Fazer com que os autômatos tenham mãos versáteis, como as dos humanos, é um desafio entre os profissionais da robótica. Resultados de dois estudos divulgados neste mês sinalizam avanços nessa área. Uma equipe da Espanha desenvolveu o primeiro protótipo de dedos adaptáveis altamente articulados e capazes de girar em torno do próprio eixo. Já cientistas dos Estados Unidos criaram um sistema de injeção a ar que permitirá com que as máquinas tenham um "toque suave".
"Os robôs rígidos tradicionais não conseguem segurar sua mão e permitir que você se mova para algum lugar sem quebrar o pulso. Eles não são feitos naturalmente para interagir com as coisas macias, como humanos ou tomates", explica, em comunicado, Pierre-Thomas Brun, professor-assistente de engenharia química e biológica da Universidade de Princeton e pesquisador-chefe do estudo, apresentado na revista Nature.
Uma das dificuldades em projetos de criação de robôs macios é controlar como eles se esticam e deformam, o que determina como se movem. Todos os autômatos têm componentes que causam movimentos, os chamados atuadores. Ao contrário das máquinas rígidas que se movem de maneiras fixas dependendo de suas juntas, os materiais em robôs macios têm o potencial de se mover e se expandir em um número infinito de maneiras.
A fundição de bolhas oferece uma maneira simples e flexível de criar atuadores para robôs macios usando regras básicas da mecânica: a física dos fluidos. O método usa um polímero líquido, chamado elastômero, que, ao ser curado, se transforma em um material elástico e emborrachado. Esse polímero líquido pode ser injetado em um molde simples, como um canudo, ou em uma forma mais complexa, como uma espiral.
Quando se injeta ar no elastômero, cria-se uma bolha longa em todo o comprimento do molde. Graças à gravidade, a bolha sobe lentamente até o topo, ao mesmo tempo em que o polímero líquido é drenado para o fundo. Depois que ele endurece, pode ser removido do molde e inflado com ar, o que faz com que o lado fino, com a bolha de ar, se estique e se enrole na base mais espessa.
Controlando fatores variados, como a espessura do elastômero que reveste o molde, a rapidez com que ele se deposita no fundo e quanto tempo leva para curar, é possível controlar como o atuador criado vai se mover. "Se for permitido mais tempo para drenar antes de curar, o filme, no topo, será mais fino. E quanto mais fino o filme, mais ele se esticará quando você o inflar, causando uma dobra geral maior", detalha o primeiro autor do estudo, Trevor Jones, estudante de graduação de engenharia química e biológica da universidade estadunidense.
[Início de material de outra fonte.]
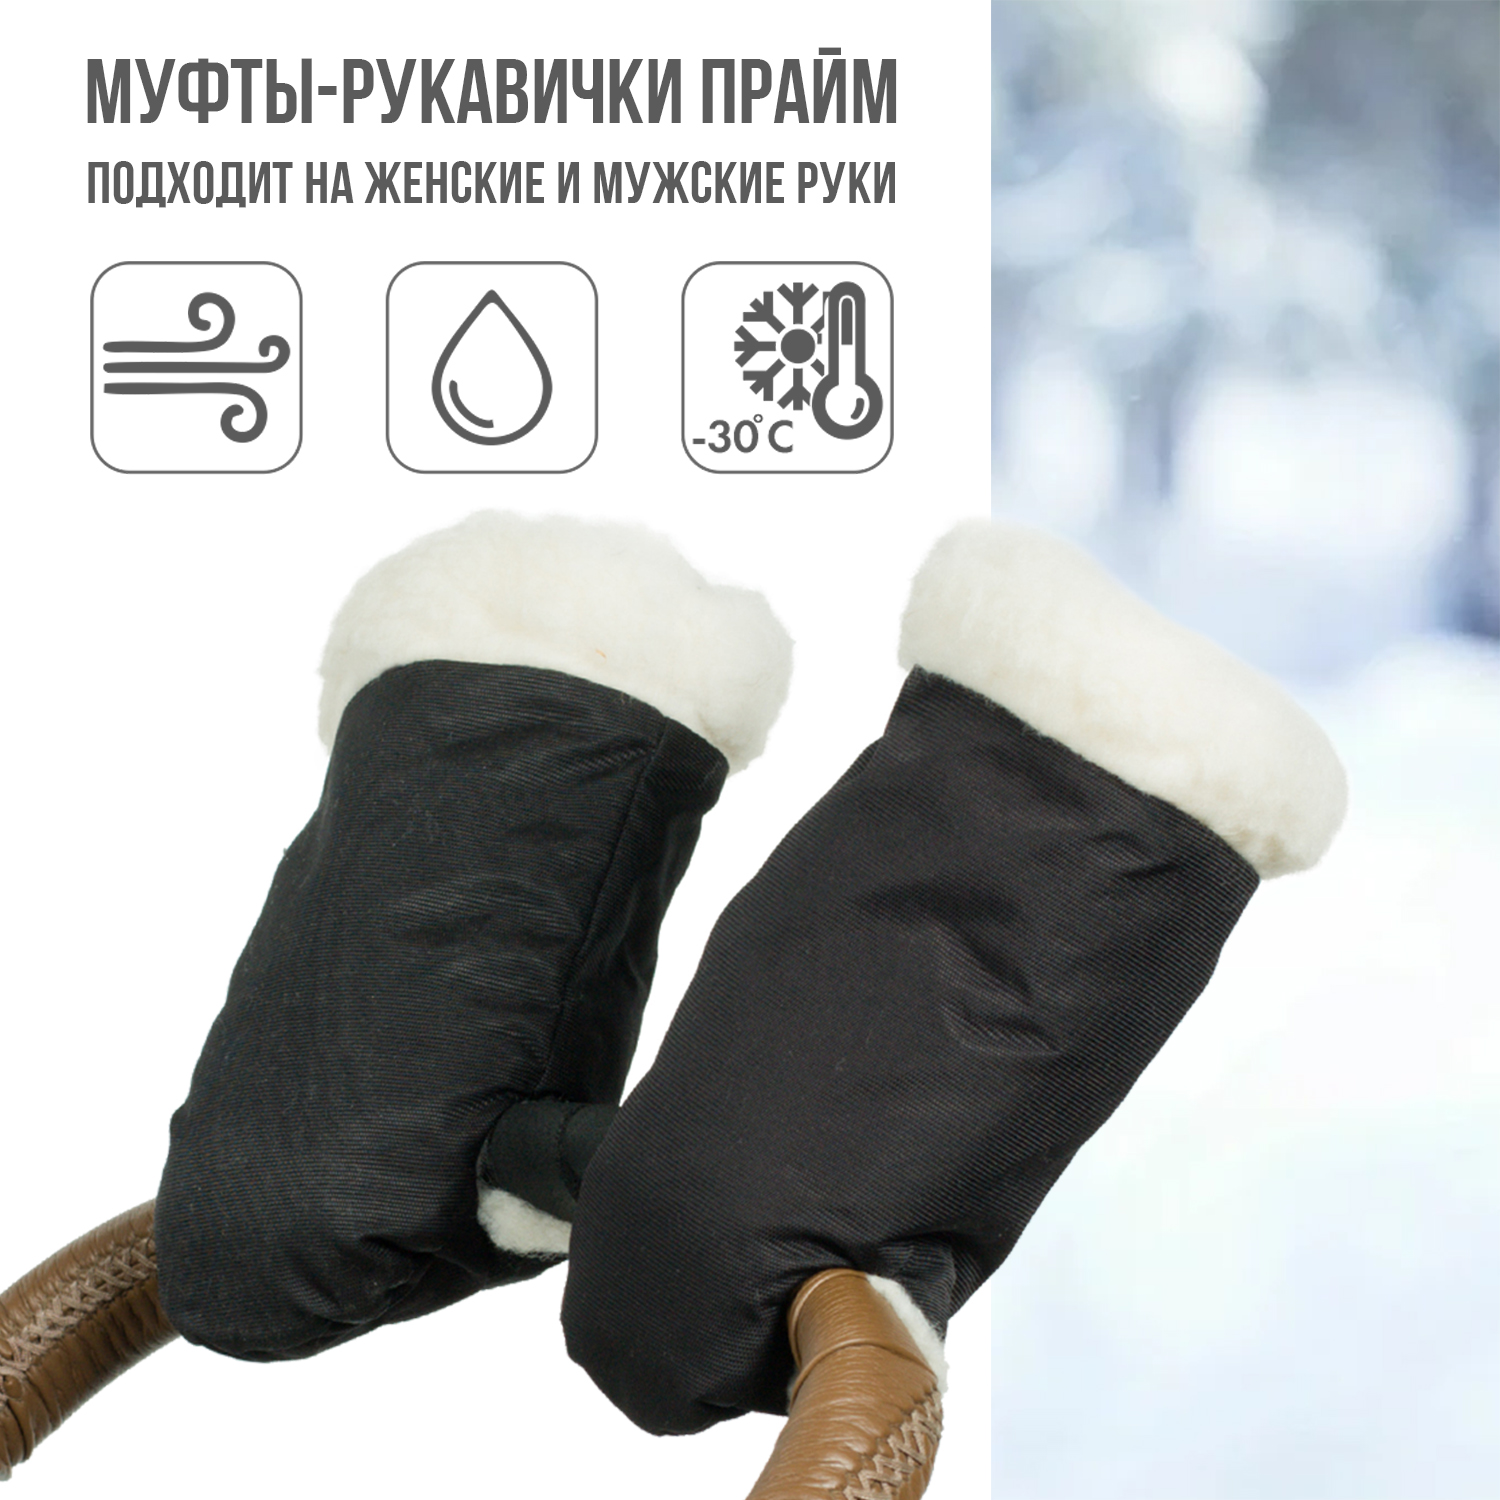 Муфта-рукавички для коляски Чудо-чадо меховая Прайм графит МРМ07-001 - фото 1

A partir da solução tecnológica, a equipe desenvolveu "mãos" em forma de estrela que conseguiram segurar suavemente uma amora-preta, uma espiral que se contrai como um músculo e até mesmo um conjunto de "dedos" que se enrolam um a um conforme todo o sistema é inflado, como se estivessem tocando piano.
Simulação
Uma grande parte do trabalho foi descobrir como os robôs se comportariam uma vez inflados, informação que ajudaria os pesquisadores a projetarem atuadores macios com movimentos específicos. O coautor Etienne Jambon-Puillet, pesquisador de pós-doutorado no laboratório de Brun, trabalhou com Jones para desenvolver uma simulação de computador do sistema. "Podemos prever o que acontecerá usando uma equação simples que qualquer pessoa pode usar. Nós entendemos muito bem agora o que acontece quando inflamos esses materiais semelhantes a tubos", afirma Jambon-Puillet.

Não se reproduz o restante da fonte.